Nothing but the text of the listing, repeated exactly, belongs in the answer; leave the images out.

DATA EXCERPT
· · · · ·

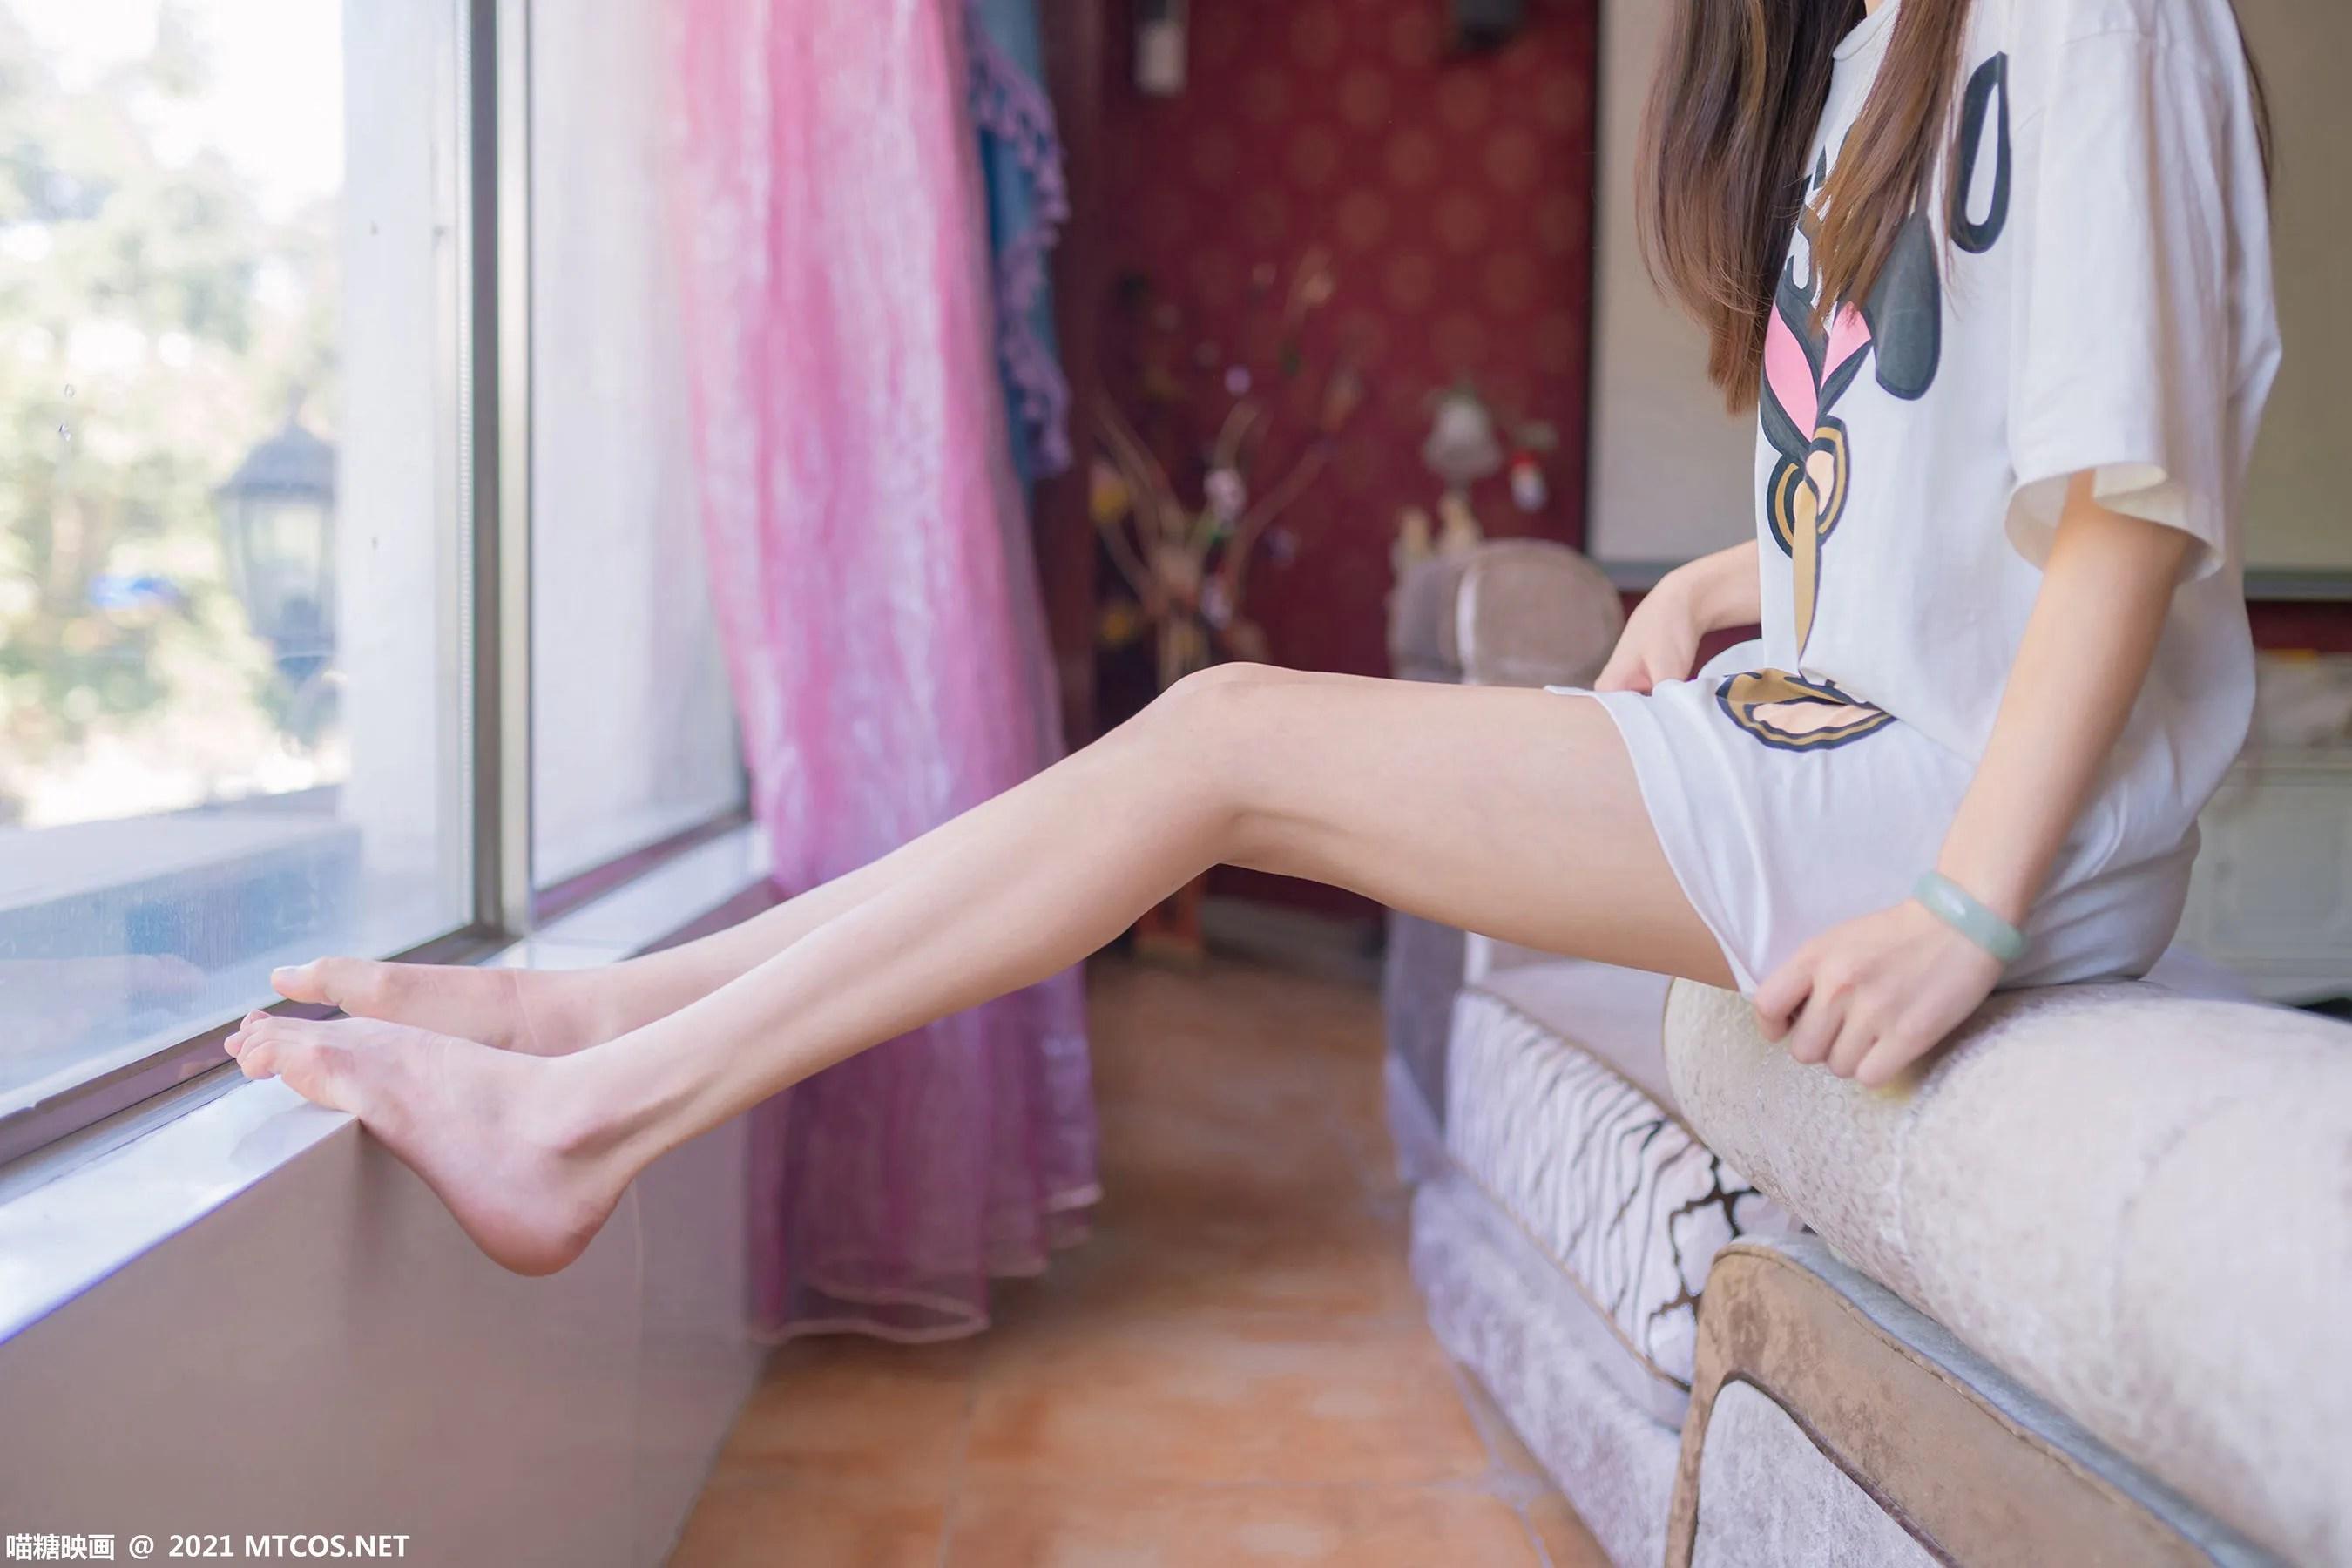 [喵糖映画] VOL.405 白T少女 写真套图[42P]插图(8)
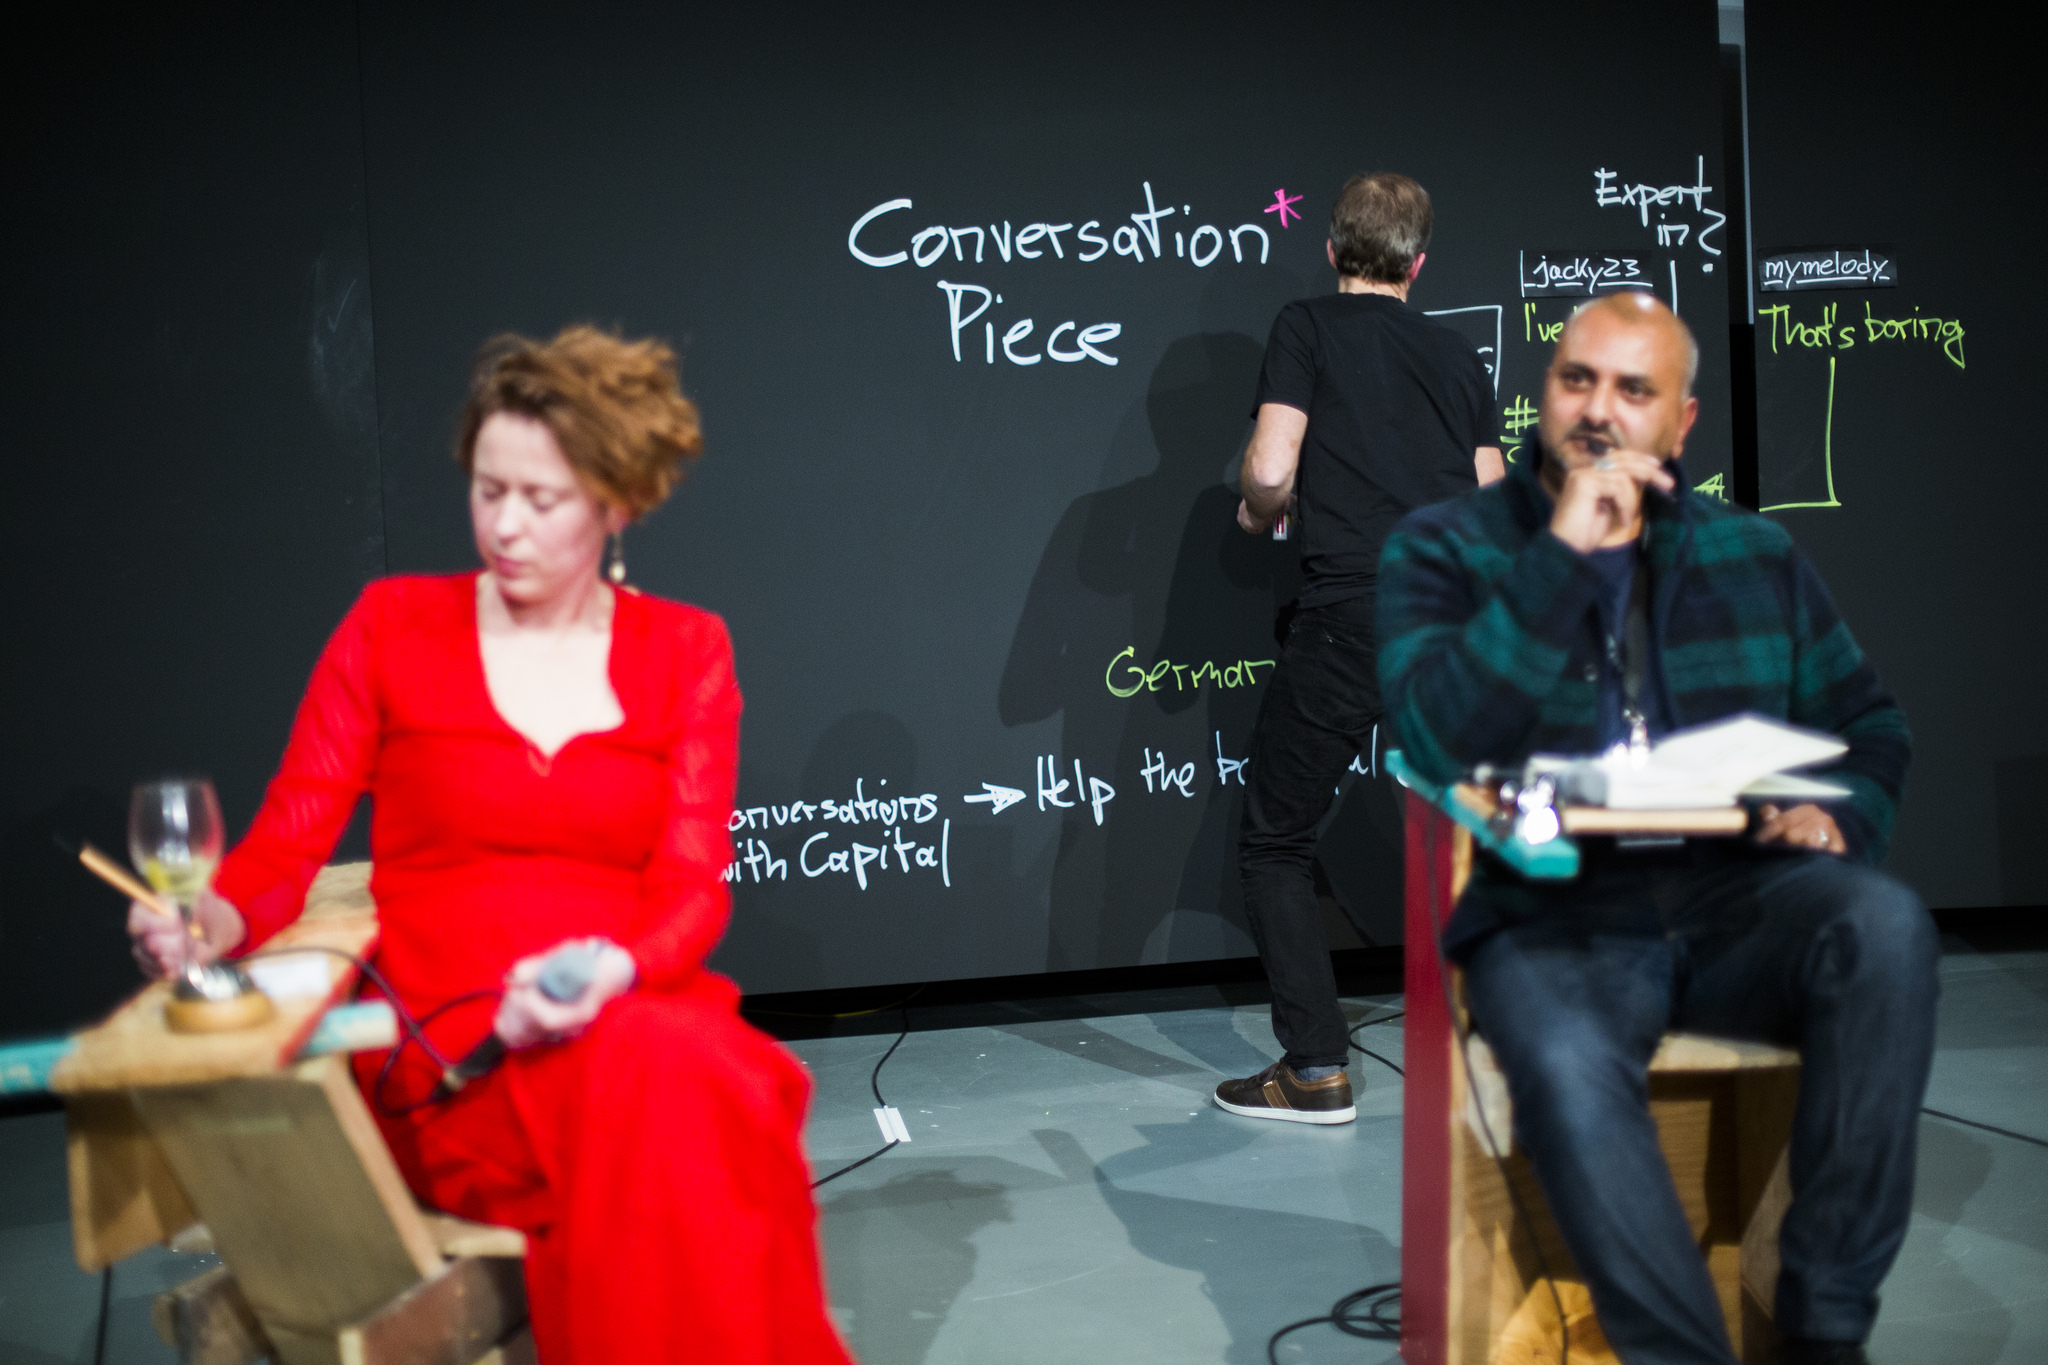 Transmediale, Conversation piece, dokumentacja wydarzenia
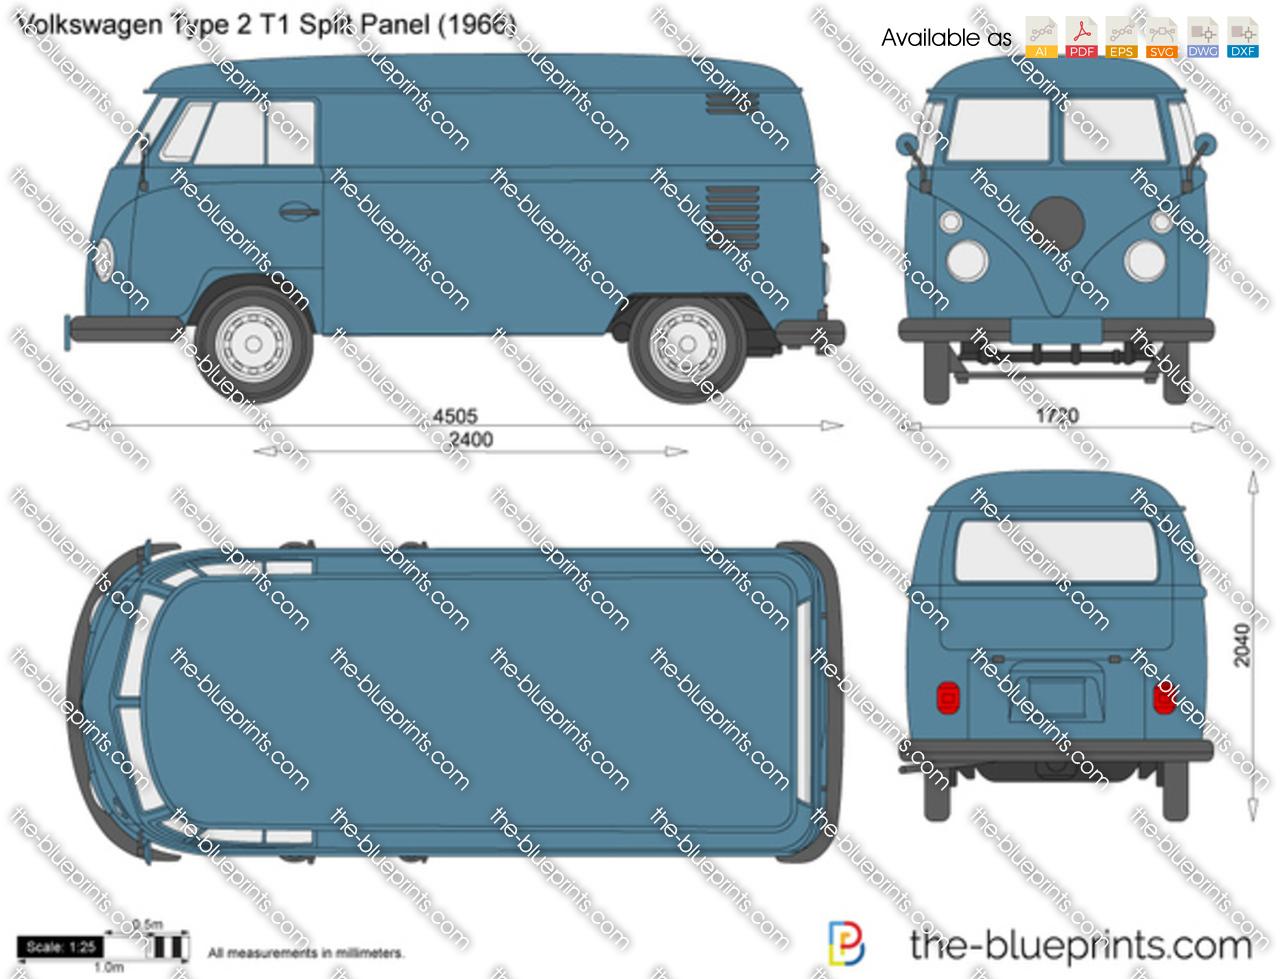 Volkswagen Type 2 T1 Split Panel 1965

· · · · ·

EXERCISE ANSWER
 [喵糖映画] VOL.405 白T少女 写真套图[42P]插图(8)
 Transmediale, Conversation piece, dokumentacja wydarzenia
 Volkswagen Type 2 T1 Split Panel 1965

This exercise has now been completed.